The quantitative values of the SD along the depth calculated according to (1) for the control and the treated blood were determined and are plotted in Fig. 3 for HCT of 40% (Fig. 3a) and HCT of 55% (Fig. 3b) at a shear rate of 60 s−1. For the nonaggregated blood at HCTs of 40% or 55%, the upper lines of the SD profiles in Figs. 3a and 3b show that the velocity fluctuations vary with radial position in the glass tube. A higher SD is found near the center of the tube where the shear rate is minimal for the flow. The decrease in the SD in the center of the tube could be the result of a decrease in the variability in instantaneous cellular velocity due to changes in the size of scatterers associated with RBC aggregation. When aggregates migrate to the center of the tube, particle size will be greater in the center of the tube than near the tube wall.4
The centerline SD values were calculated for each of the RBCs flowing at a shear rate of 60 s−1 and are shown in Fig. 4. The mean values of 74.6 ± 2.8 for the control group at a HCT of 40% is significantly (p < 0.01) higher than the values for the aggregated blood induced by dextran from 0.5% to 2%. The addition of dextran decreases the SD by around 40%, indicating the velocity variation in the aggregated blood is reduced. This finding is consistent with the in vivo work5 that the magnitude of the velocity variations in dextran-treated blood is less than that in the nonaggregating blood. It is most likely that RBCs residing in aggregates could be both shielded from interactions with surrounding cells and also hindered in their movements or the magnitude of particle movements is decreased when the particle diameter increases.
It is known that dextran-induced aggregation is higher at higher concentrations up to an optimum concentration.20 We noted that there is no significant difference the SD values between the samples with dextran at concentrations of 0.5–2%. Because dextran 500 used in our experiment, which has a very high molecular weight, is a strong aggregation inducer producing large aggregates after the concentration over 0.5%,5,19 it seems that the variance cannot distinguish the size difference between the samples with dextran at concentrations of 0.5–2% after the aggregates exceeding a certain size, i.e., the SD value rapidly drops down to around 45°. Further improvement of the signal-to-noise ratio of the SD-D-OCT system may be helpful to address the issue. Nevertheless, dextran is only used to demonstrate the method and dextran 500 at 0.6% is widely used to induce RBC aggregation in the range for healthy humans.5,19 Studies on mimicking the in vivo situation with fibrinogen at the measured concentrations and blood samples from patients that the actual aggregation is assessed are under way to develop a quantitative method rather than the current qualitative method.
Figure 5 shows the Doppler variance images that give the variation of the blood velocity distribution for the control (Fig. 5a) and the aggregating blood with fibrinogen (Fig. 5b) at a HCT of 40% flowing through a 300-μm glass tube at a shear rate of 40 s−1. The quantitative values of SD along the depth calculated for the control and the aggregating blood are plotted in Fig. 5c. The presence of different velocity variations between the two groups was evident. The centerline SD for each of the RBCs flowing at shear rates of 40 and 60 s−1 is shown in Fig. 6. Fibrinogen at 400 mg/dL results in a significant decrease in the SD by 26.7% (p < 0.01) at 40 s−1 and 39.8% (p < 0.01) at 60 s−1, respectively.

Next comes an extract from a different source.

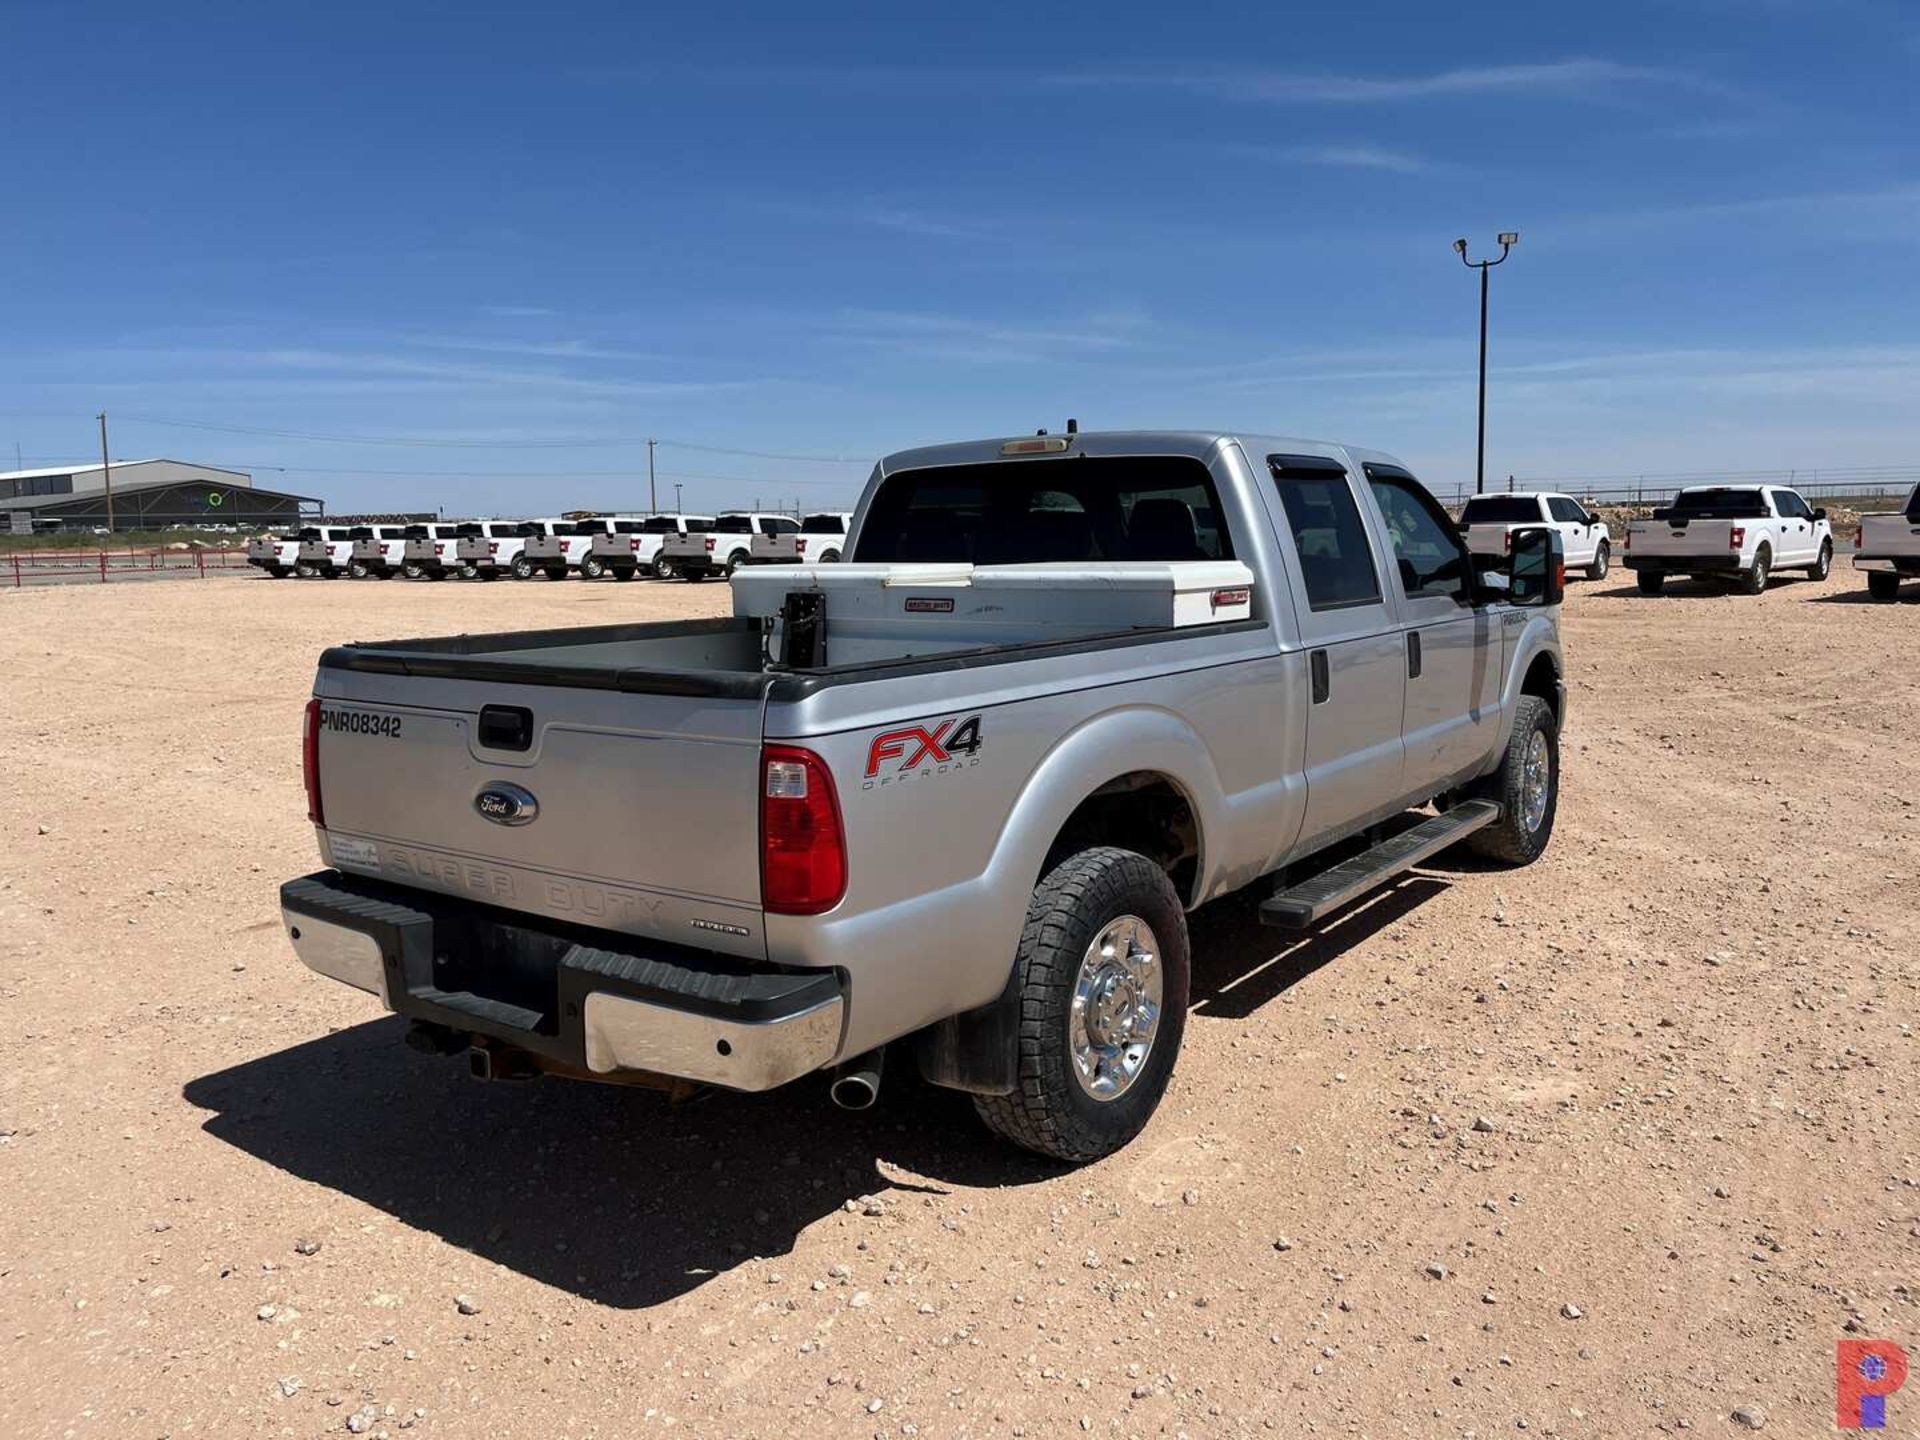 2015 FORD F-250 CREW CAB PICKUP TRUCK - Image 3 of 7
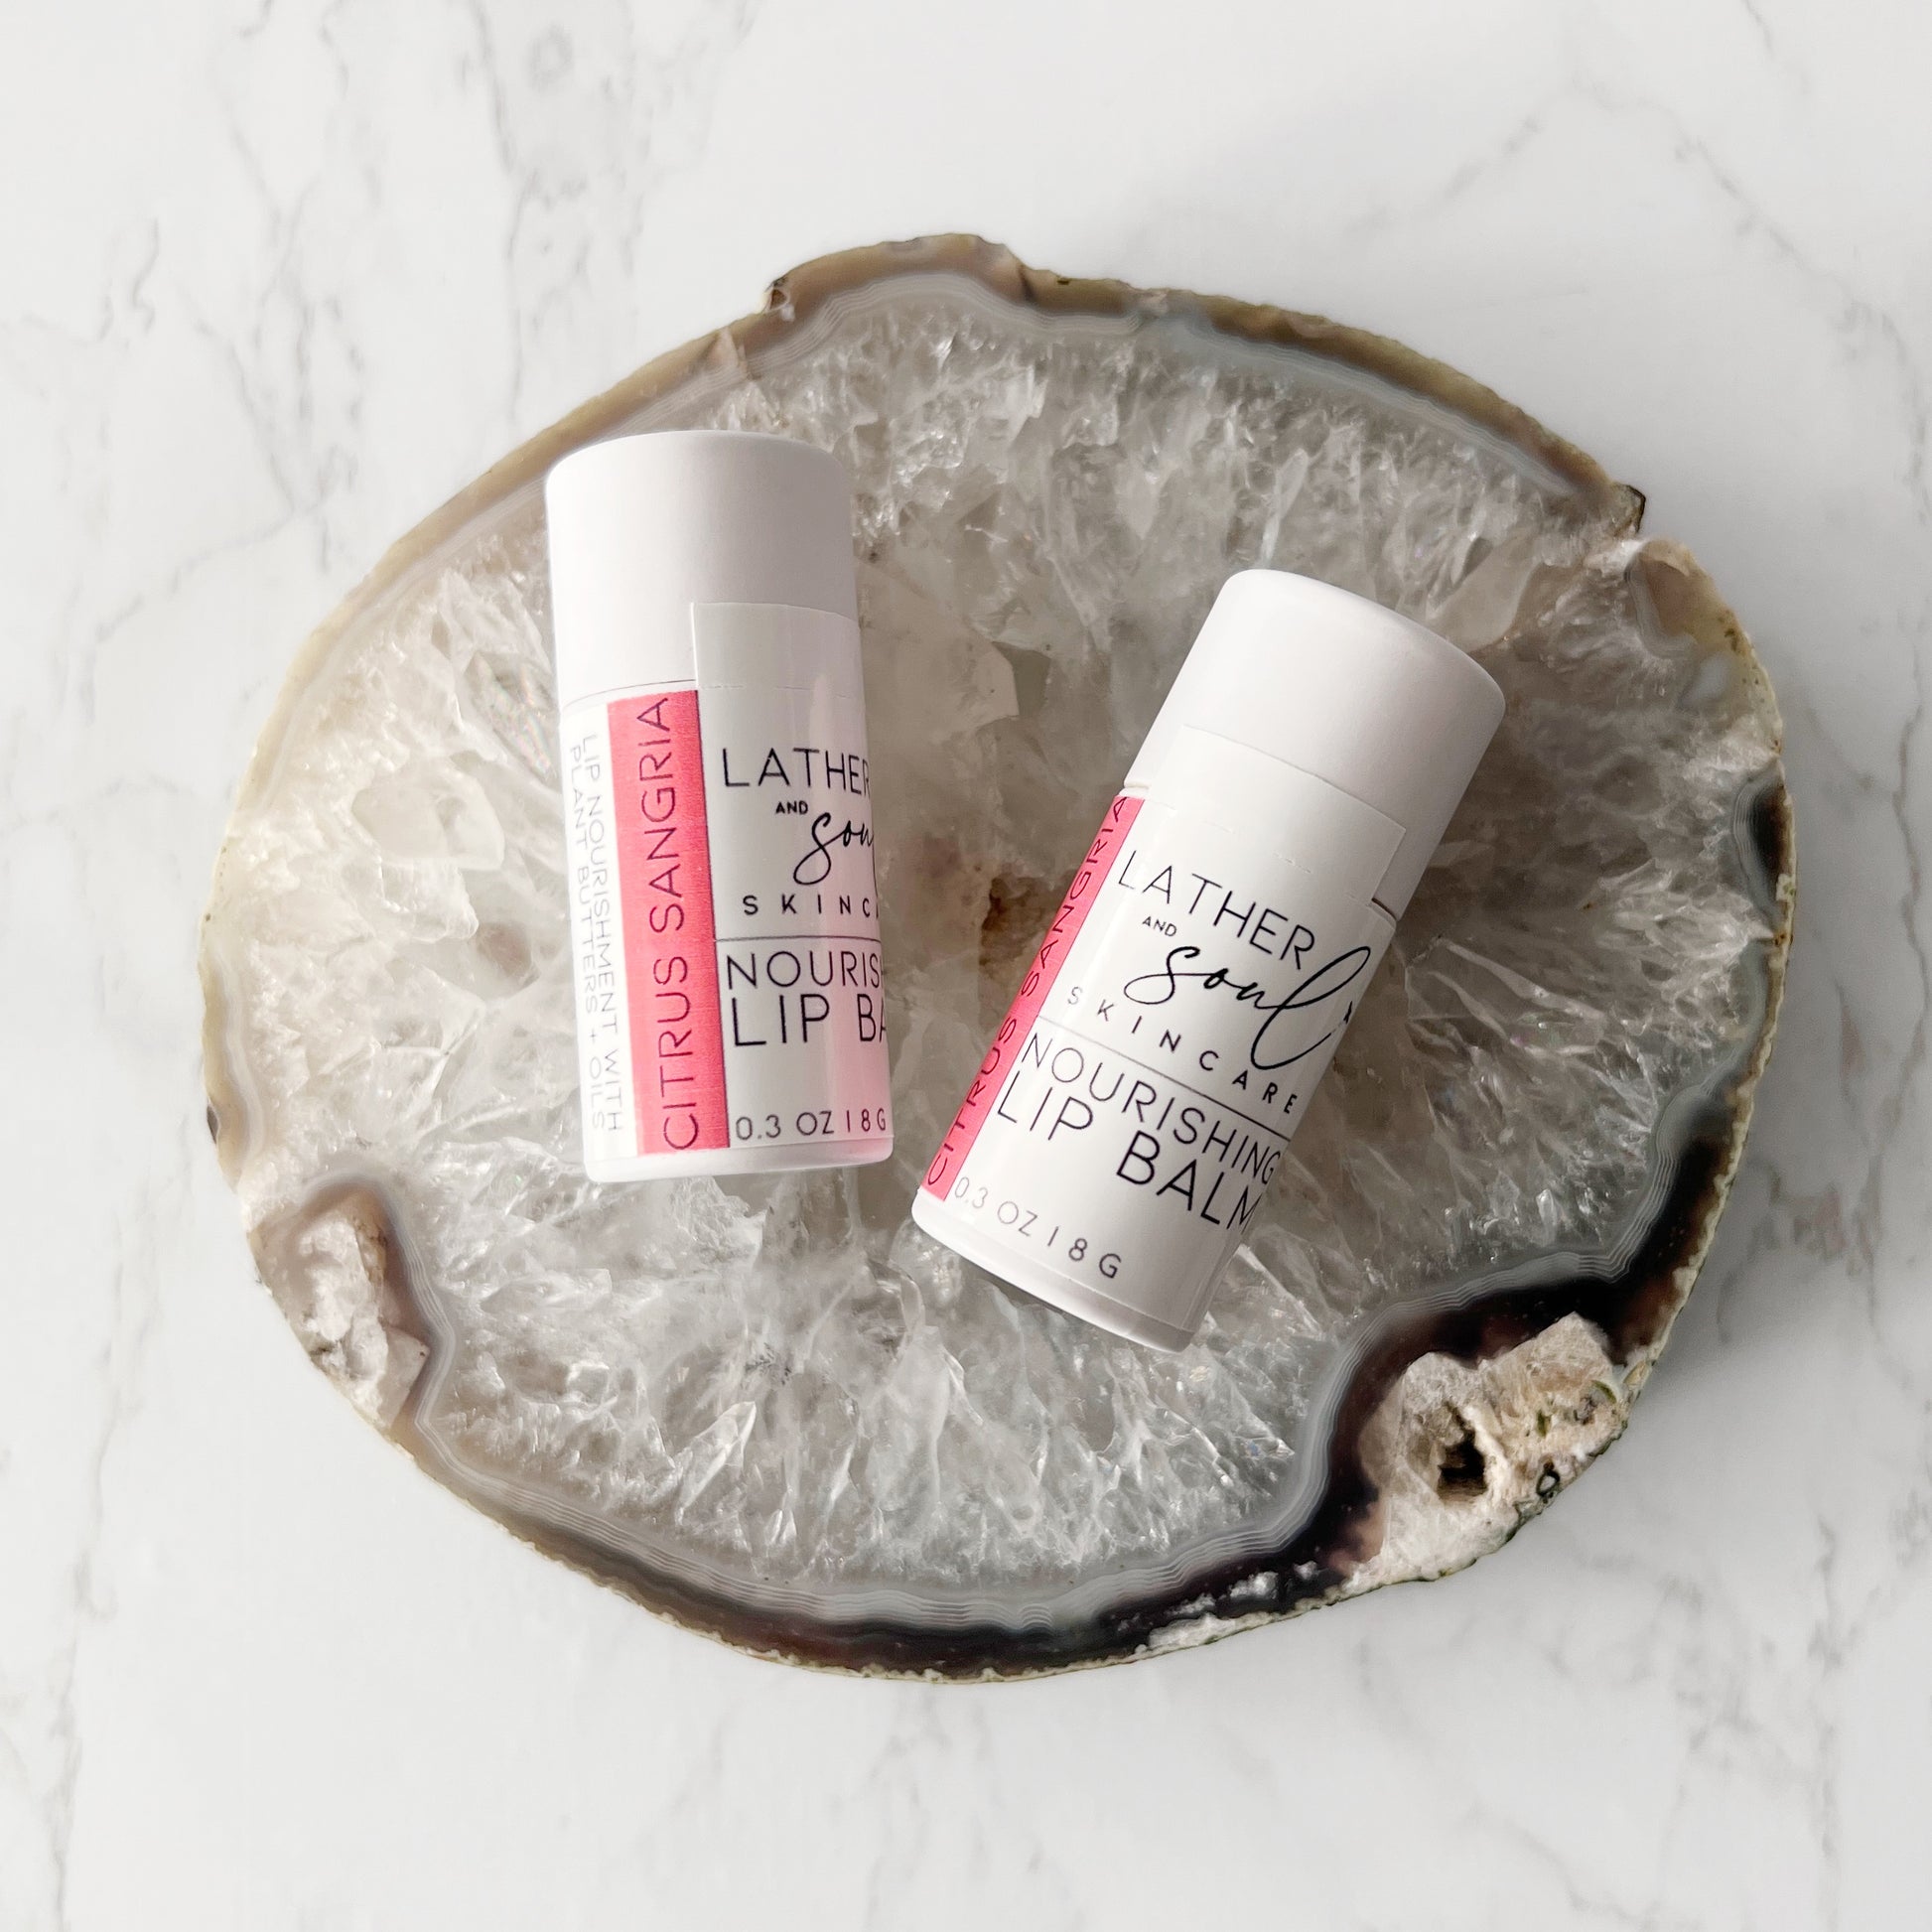 Best selling organic lip balm by Lather + Soul in Citrus Sangria flavor and in eco friendly paperboard tube

Effect of Shear Rate on SD Measurements
Figure 7 shows the centerline SD of 40% blood under three shear rates of 20, 40, and 60 s−1 for the normal (nonaggregating) and 2% Dx500-treated (aggregating) blood. As expected, the SD value increases with increasing shear rate for both groups. When dextran is added to the flowing blood, RBC aggregation causes a significant decrease in the SD values at 40 and 60 s−1.
Hematocrit Dependence
Figure 8 shows the centerline SD of control blood with HCTs from 30% to 55% at shear rates of 40 and 60 s−1. The SD value tends to decrease with increasing HCT, but that is not significantly affected at the both shear rates. In other words, the SD value is nonsignificant dependence on hematocrits in the range of 30–55%. The relationship between the SD value and HCT is quite unlike that between scattering and HCT. We and other groups have reported very large changes in attenuation with HCT.16,36
Instrument Precision and Sensitivity
The mean, standard deviation, and the coefficient of variation (CV) for 12 repeated measurements on aliquots of the same control blood sample are 74.6%, 2.8%, and 3.8%, indicating the SD measured by the SD-D-OCT system is highly repeatable. The percentage difference and standardized difference between the two groups (n = 12 for each group) of the control and the aggregating blood with 2% Dx500 are 60.4% and 8.16. The standardized difference is much larger than that of commercial available optical aggregometers (Table 1).3 The large percentage difference and standardized difference between the two groups implies the SD value is highly sensitive to aggregation difference.
The data presented in this work point to the possibility of optical Doppler variance determination of the RBC aggregation. In all our experiments, RBC aggregation induced by dextran or at the presence of fibrinogen caused a practically 30–40% decrease in the SD of Doppler frequency spectrum. The normal blood has a SD value larger than 70 and the aggregated blood has a SD value smaller than 50 at a pseudo shear rate of 60 s−1. The shear rates between 40–60 s−1 mimicking the venular vessels where RBC aggregation often exists were found to be optional operating flow velocities for sensitivity, especially higher signal-to-noise ratio at 60 s−1.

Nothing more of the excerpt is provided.